Research Directions for Developing and Operating Artificial Intelligence Models in Trustworthy Autonomous Systems
Martínez-Fernández, Silverio, Franch, Xavier, Jedlitschka, Andreas, Oriol, Marc, Trendowicz, Adam
Context: Autonomous Systems (ASs) are becoming increasingly pervasive in today's society. One reason lies in the emergence of sophisticated Artificial Intelligence (AI) solutions that boost the ability of ASs to self-adapt in increasingly complex and dynamic environments. Companies dealing with AI models in ASs face several problems, such as users' lack of trust in adverse or unknown conditions, and gaps between systems engineering and AI model development and evolution in a continuously changing operational environment. Objective: This vision paper aims to close the gap between the development and operation of trustworthy AI-based ASs by defining a process that coordinates both activities. Method: We synthesize the main challenges of AI-based ASs in industrial settings. To overcome such challenges, we propose a novel, holistic DevOps approach and reflect on the research efforts required to put it into practice.

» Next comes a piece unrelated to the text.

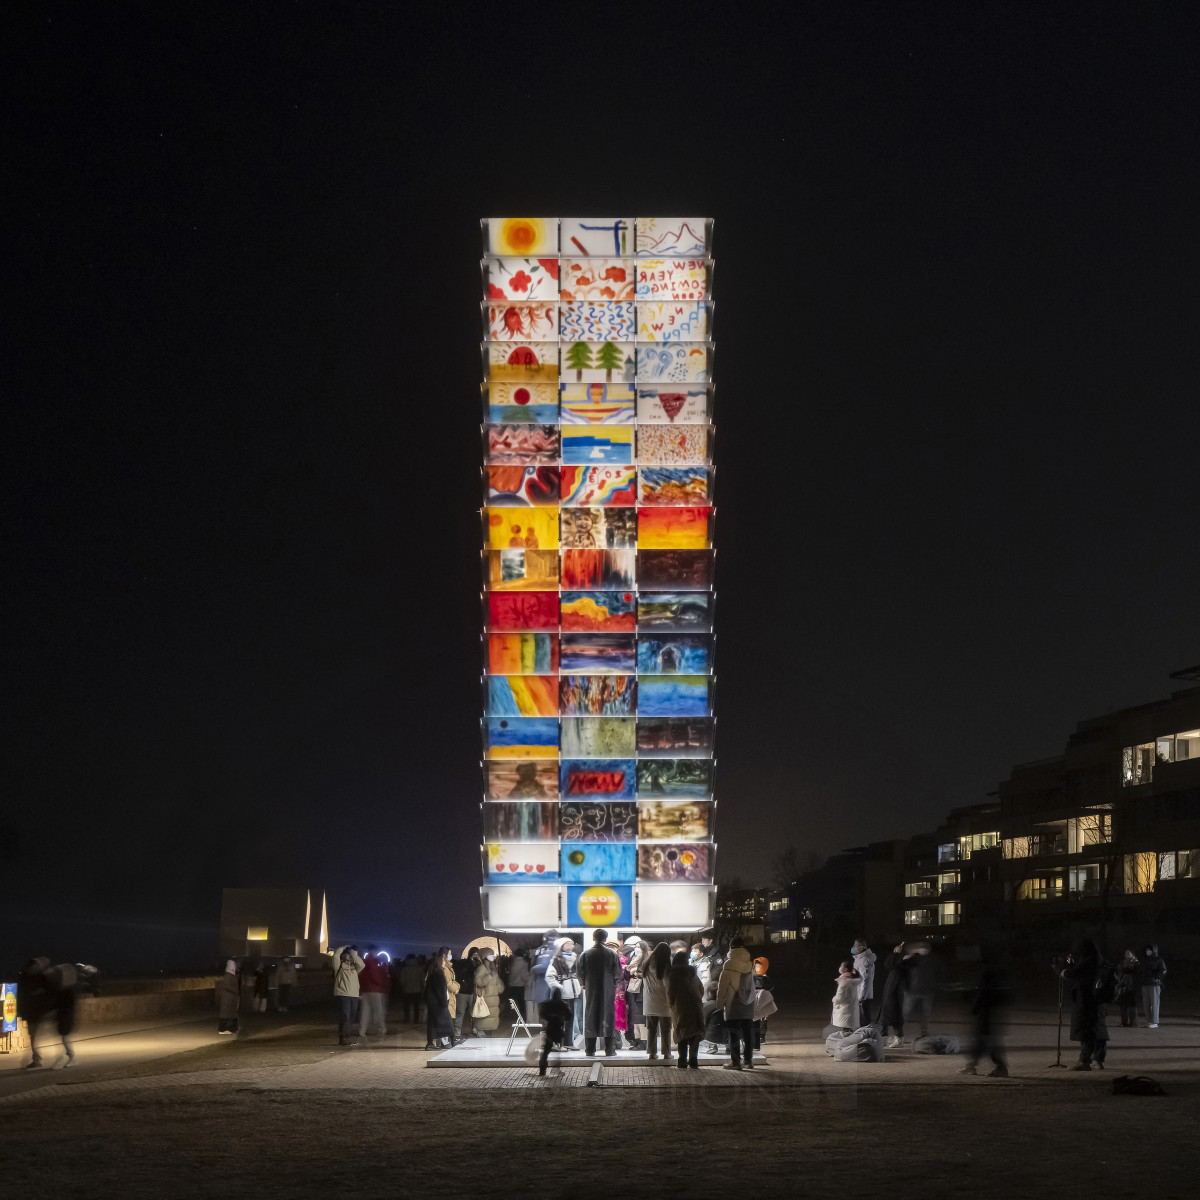 The Lighthouse Of Wishes Art Installation by Qirui Ma, Zhiyu Long and Pengxiang Lin Golden Fine Arts and Art Installation Design Award Winner 2024

Results: The approach sets up five critical research directions: (a) a trustworthiness score to monitor operational AI-based ASs and identify self-adaptation needs in critical situations; (b) an integrated agile process for the development and continuous evolution of AI models; (c) an infrastructure for gathering key feedback required to address the trustworthiness of AI models at operation time; (d) continuous and seamless deployment of different context-specific instances of AI models in a distributed setting of ASs; and (e) a holistic and effective DevOps-based lifecycle for AI-based ASs. Conclusions: An approach supporting the continuous delivery of evolving AI models and their operation in ASs under adverse conditions would support companies in increasing users' trust in their products.